Give the data again word for word; drop the pictures.
━━ Provided material
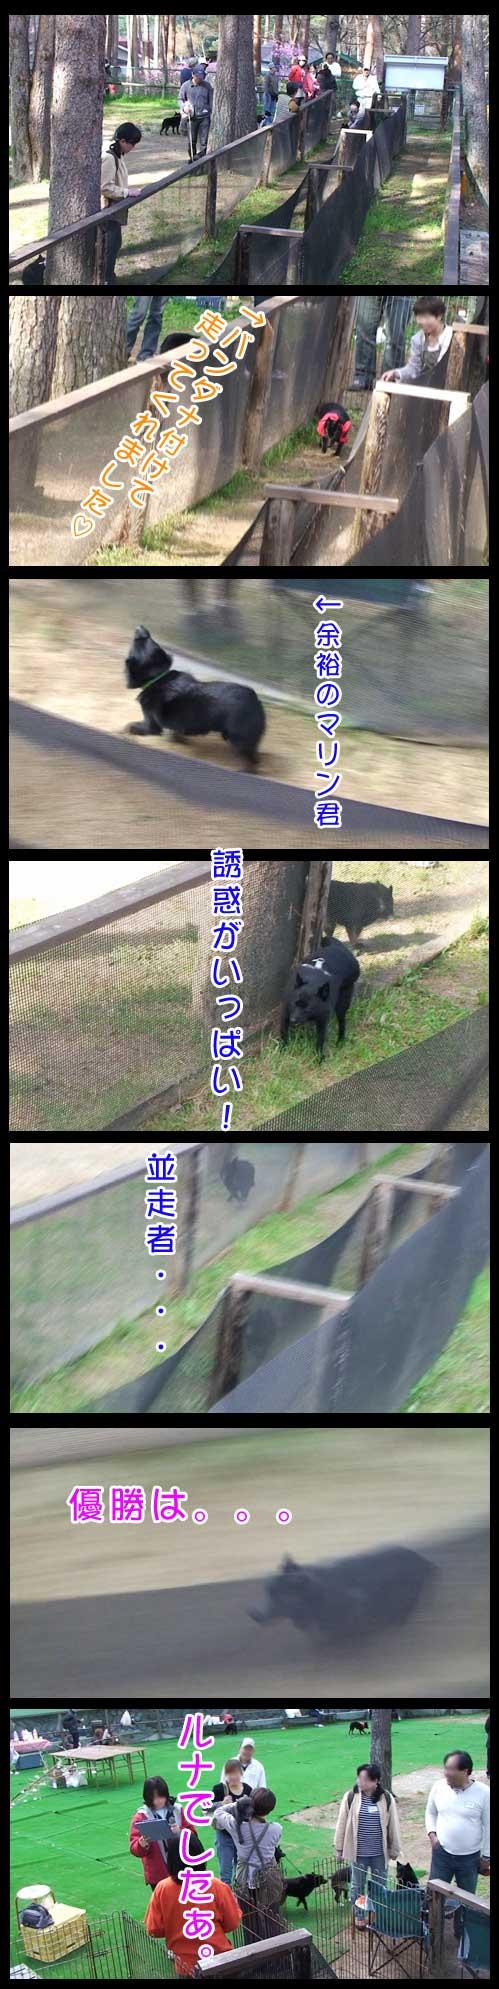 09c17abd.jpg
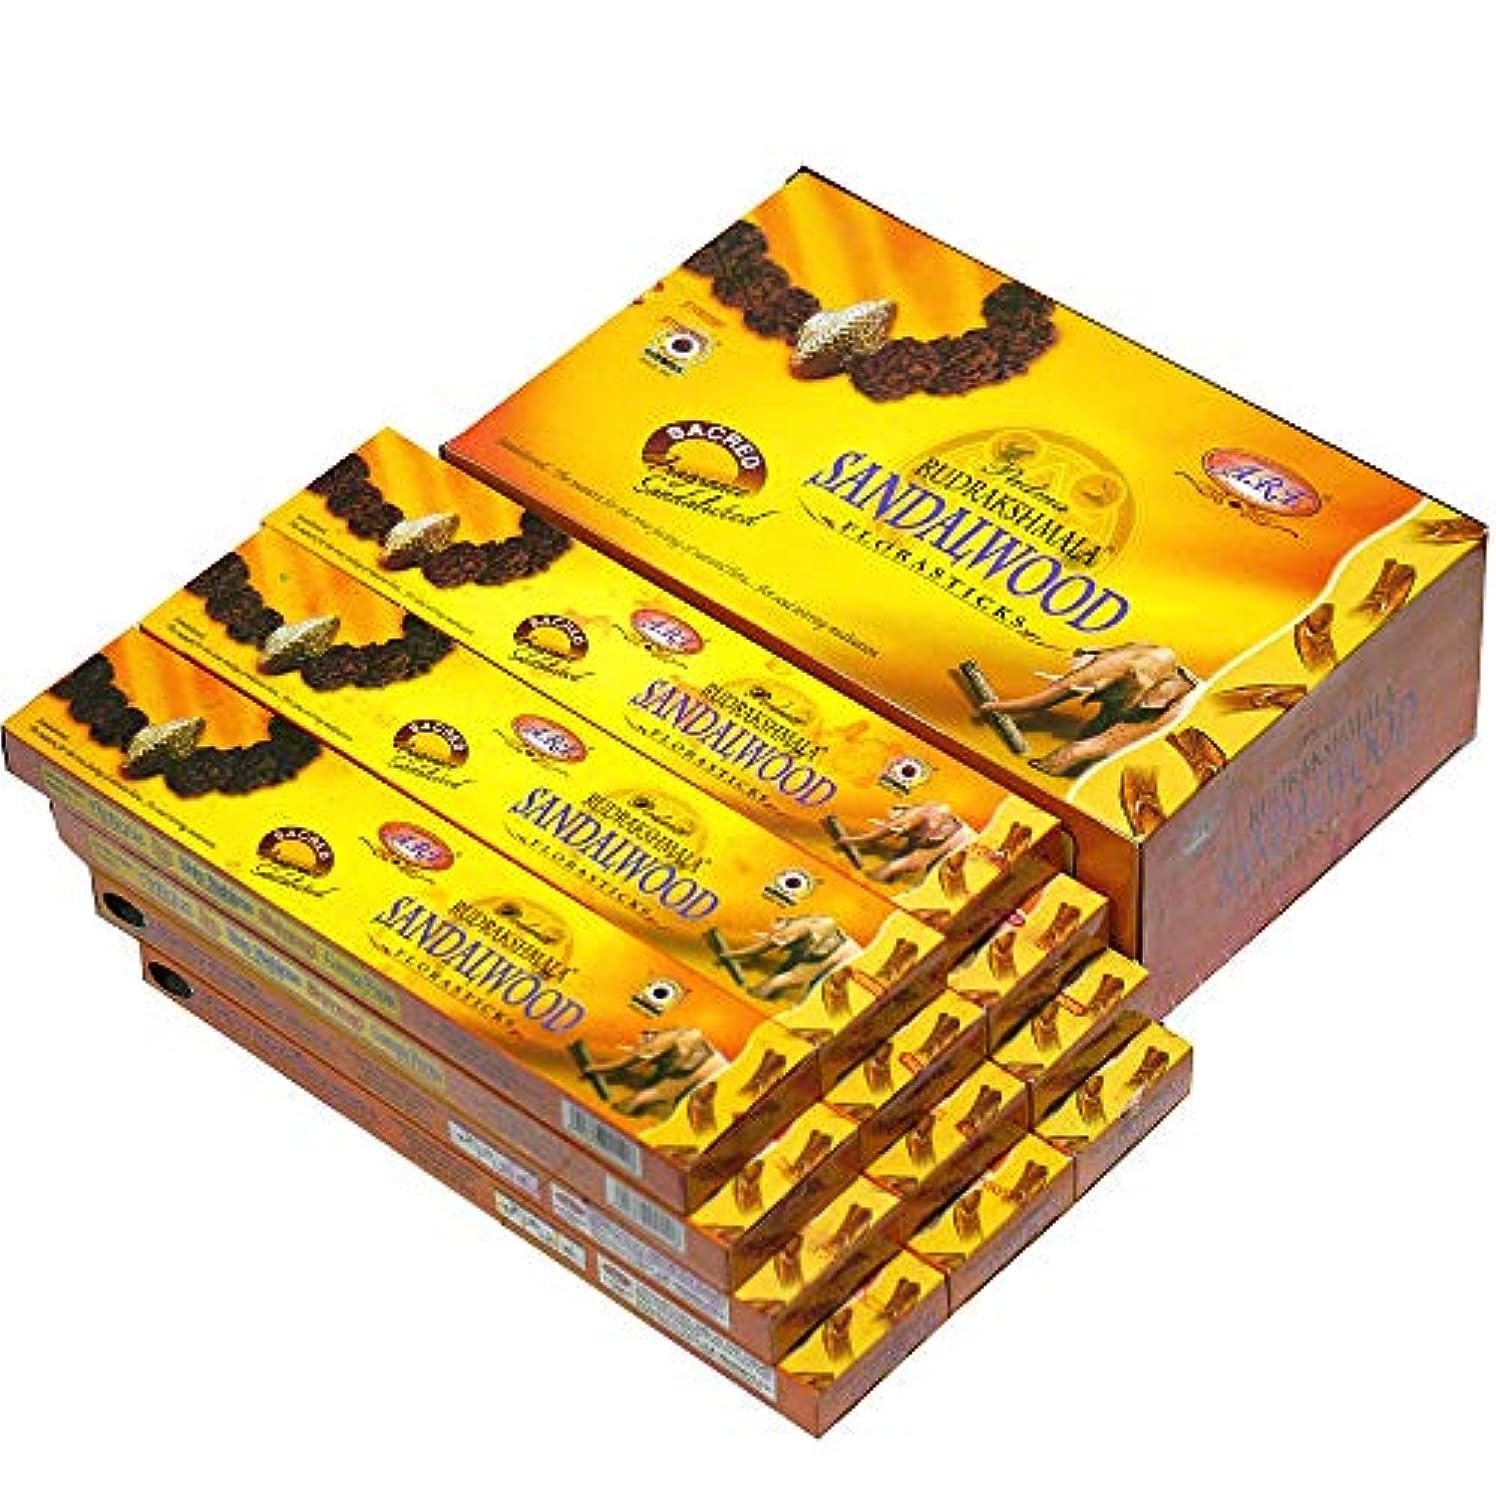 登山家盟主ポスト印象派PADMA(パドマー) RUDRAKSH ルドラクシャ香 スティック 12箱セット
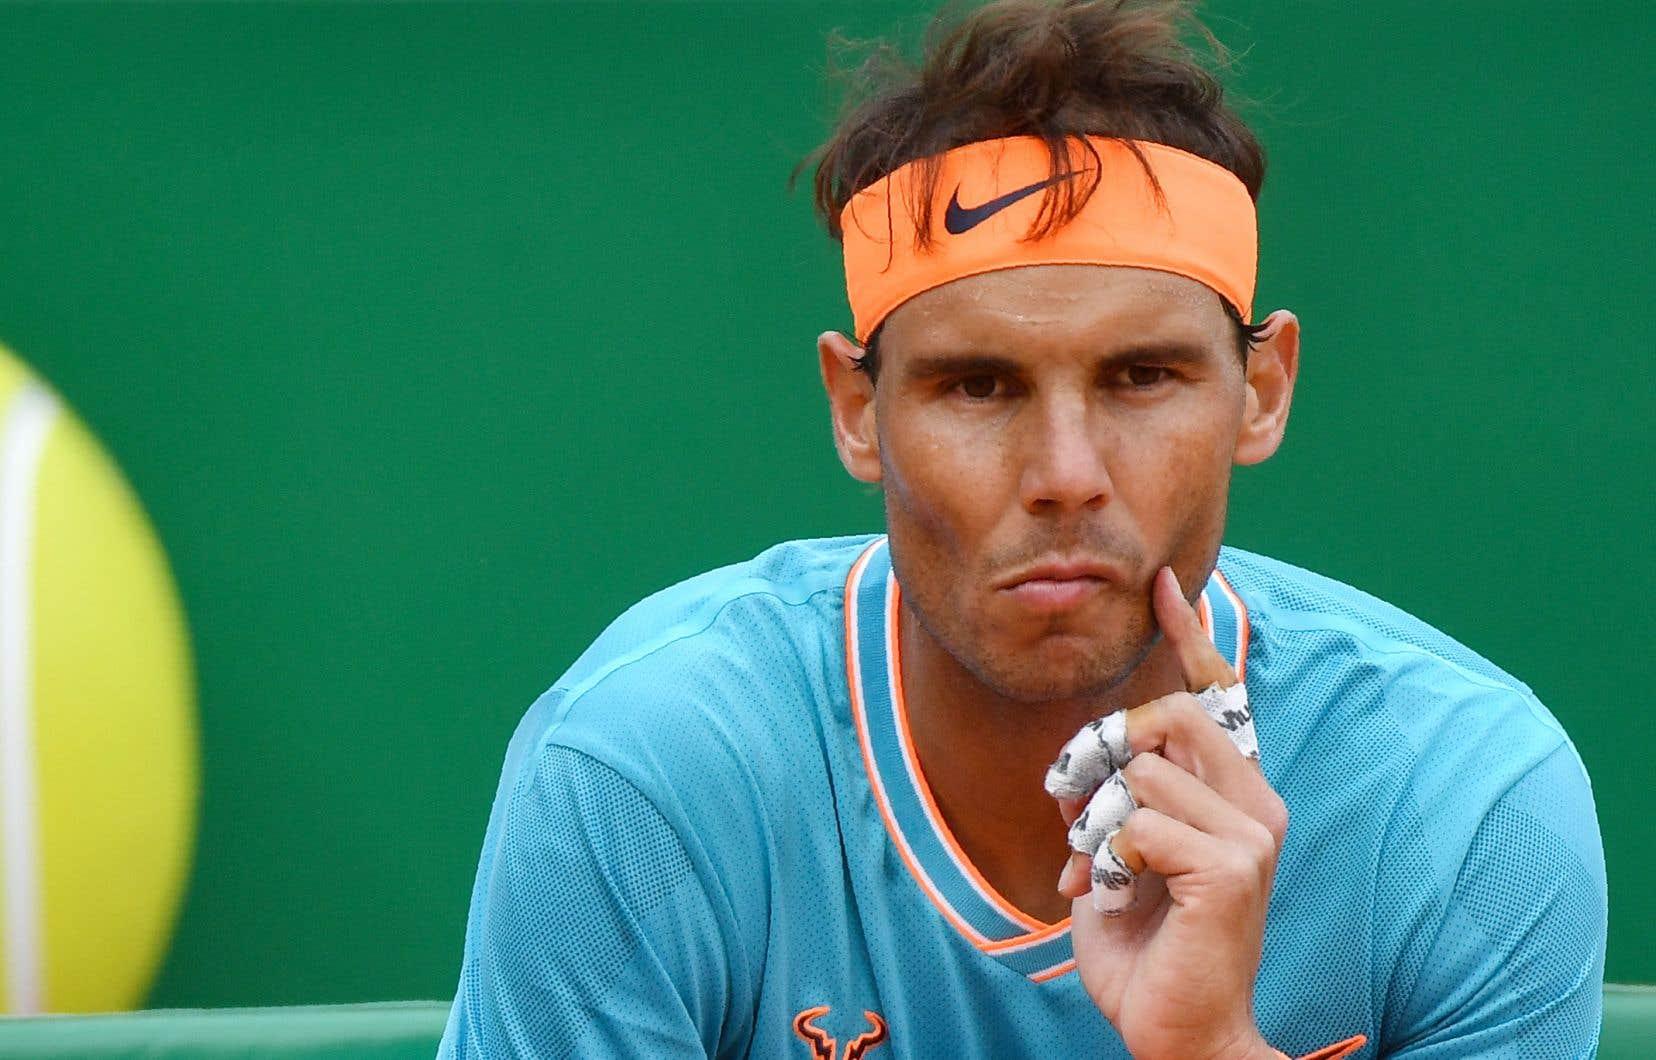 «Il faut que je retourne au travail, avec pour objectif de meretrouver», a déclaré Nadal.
━━━━
> _Written solution_
 09c17abd.jpg
 登山家盟主ポスト印象派PADMA(パドマー) RUDRAKSH ルドラクシャ香 スティック 12箱セット
 «Il faut que je retourne au travail, avec pour objectif de meretrouver», a déclaré Nadal.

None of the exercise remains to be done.